Ангелы третьего снизу сорта носят сапоги. Они стоят кружком вокруг человека, а тот еще почему-то рад, что их достиг. А они - существа непонятные, вроде таможенной службы: чего, собственно, ты тут попал здесь? Или же, что, тебя не устраивало то, что после того, как у тебя пройдет аритмия, тебе станет хорошо? С ними надо вести себя так, как если бы ты сам - из них.

В старину, то есть где-то в начале века, были такие наушники, чтобы слушать радио, составленные из угольного порошка: тот, под действием переведенных на одном конце провода в электричество букв, слипался, на другом соответственно разлипался, будоражил тонкую пленочку и та выговаривала звук. Примерно тот, что вошел в провод на другом конце.

То есть, любой выдох там всегда черный. То есть, черным будет любое слово: различимое, так что, даже в сумерках. Человек, у которого запотели глаза, может узнать знакомых только на ощупь: он их узнает и ему кажется, что дальше и мира-то нет. Там, где живут четвертые ангелы, из откуда-то выкатывается глобус со всеми его рельефными горами и жидкими проталинами.

Ангелы пятой степени похожи на кресло-качалку: у них скрипучий язык, учить который нет смысла, потому что для них все, кроме них, в тягость. Более всего их скрип похож на то, как продевают иголку сквозь кожу.

Там уже нас не знают. Они видят нас примерно так, как мы случайно обращаем внимание на шелест занавески. Кусочек льда, тающий в руке: мы же не думаем о том, кто он такой.

Шестой сорт ангелов еще далее от нас. В шестом пространстве живут чрезмерные господа, любящие свой номер шесть, и там пахнет лишь очень старым деревом и никуда не годными библиотеками. Все, что за окном - за стеклом. Парк хорошо подметен, а все герои помещения ожидают новых назначений.

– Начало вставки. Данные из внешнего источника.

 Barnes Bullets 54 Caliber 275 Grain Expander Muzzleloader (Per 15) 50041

Когда кто-то шестого сорта оказывается в обществе седьмом - от нас глядя - его тут же обламывают. Младших ангелов там не бьют, не посылают служить на кухню. Это их проблемы, но и наши - раз уж мы там оказались. Но мы воняем гнилой листвой, мы пахнем сырой землей, у нас есть одна дорожка и мы не отвечаем за то, что творится по обочинам.

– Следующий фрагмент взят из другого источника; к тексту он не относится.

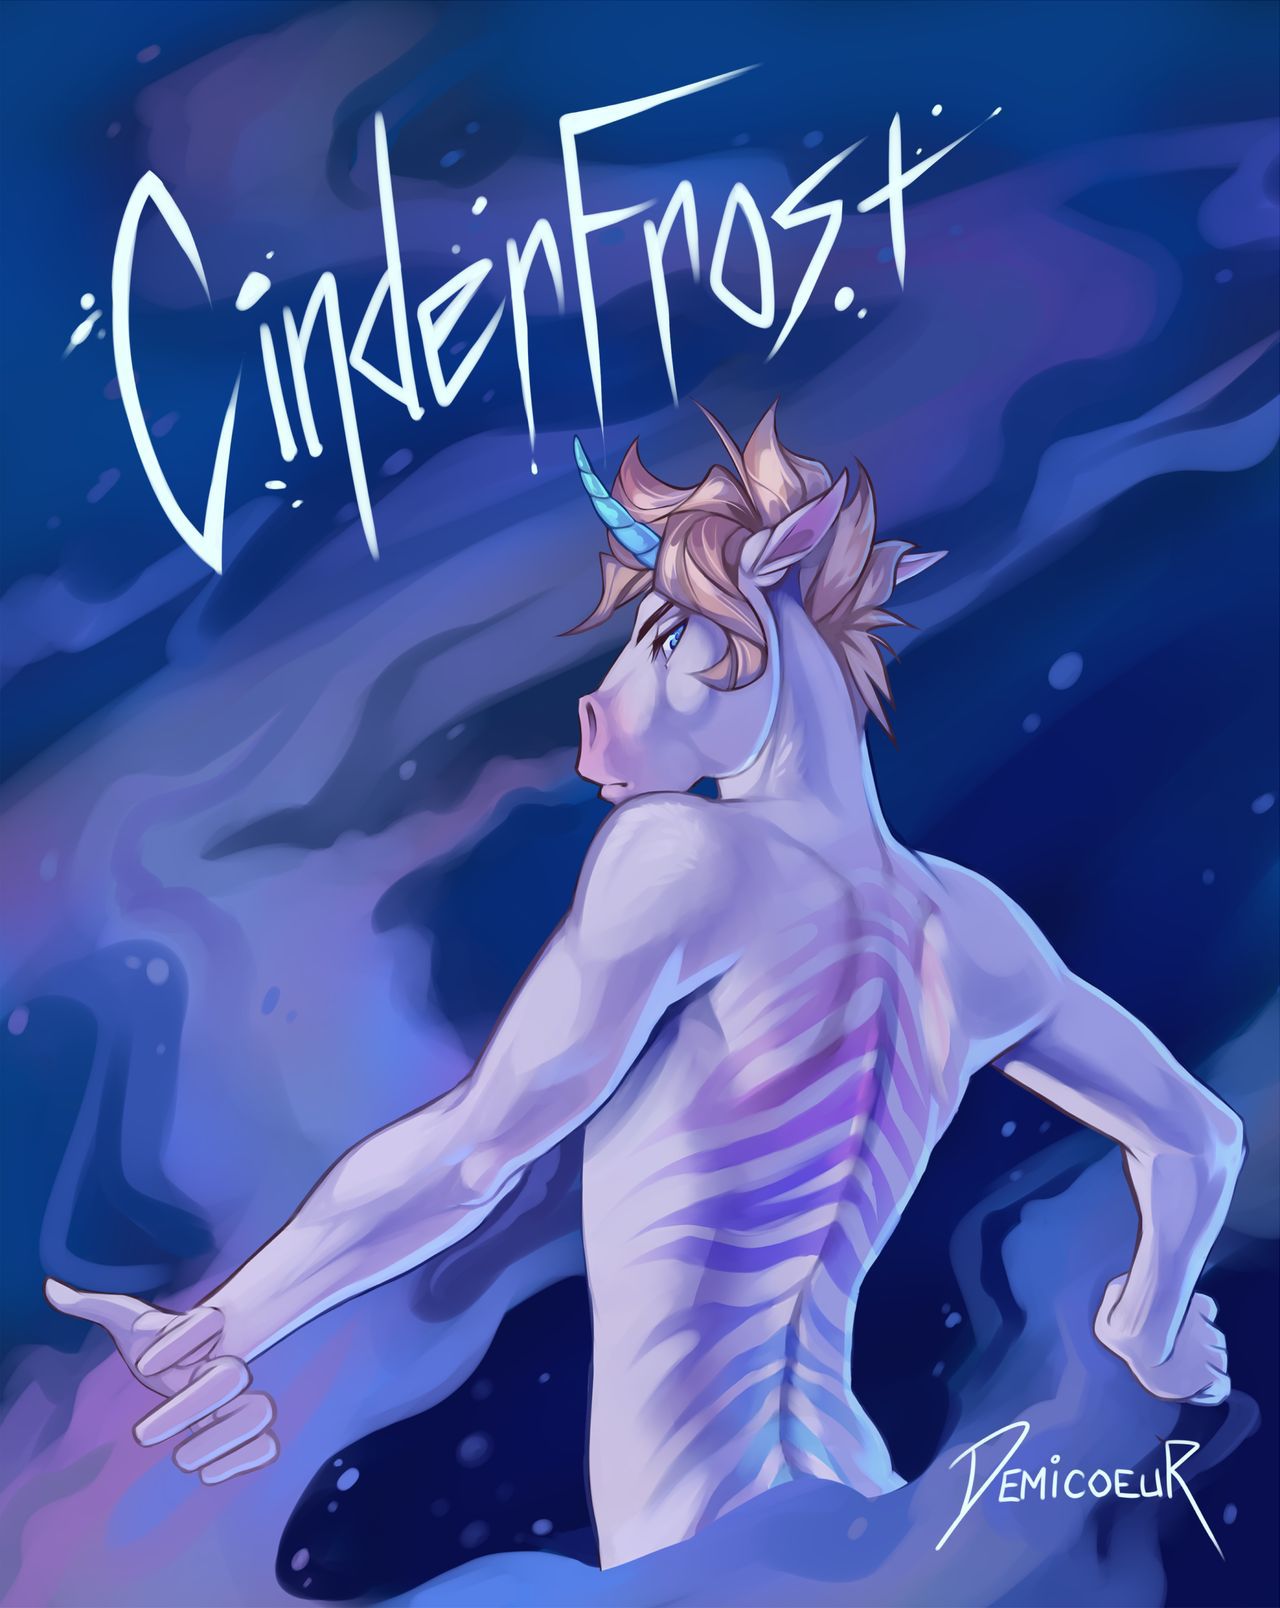 [Demicoeur] CinderFrost 43

Жаль, но к этому времени в человеке есть так мало, чем понять происходящее. Летит себе, как шарик, мячик кверху, скоро упадет. Ему снятся сны, один другого важнее. Он пытается их вспомнить с утра, вспомнить может немного. Путает места. Путает что увидел. Просыпается, а сверху мелкими чешуйками опускается штукатурка.

На восьмом месте от нас все ангелы есть отсутствие воздуха. Не то, чтобы нельзя лететь, но нечем дышать. Воздух там похож на уголь, кучки антрацита разговаривают человеческими языками, блестят, словно живые, тяжелые, в свою силу, пачкают ладони копиркой.

Дым обязан пригибаться к земле. Все буквы должны, обязаны осыпаться туда, откуда их понесло наверх. Любой человек говорит небольшой резиновой куклой, которая пульсирует у него во рту. Кровь у любого из всех - черная. Она не может течь, она может только падать вниз. Ею можно топить печки, она лучше нефти и сгорает без копоти, а до своего папы все равно не достучишься, потому что тот, конечно, умер.

Любое чувство дергает кожу, как будто скелет хочет наружу, как у чешуекрылых, у комариков, у рептилий, а вся эта бородавка, этот ячмень в глазу и есть твое тело с его чемоданом с письмами и проч. добром.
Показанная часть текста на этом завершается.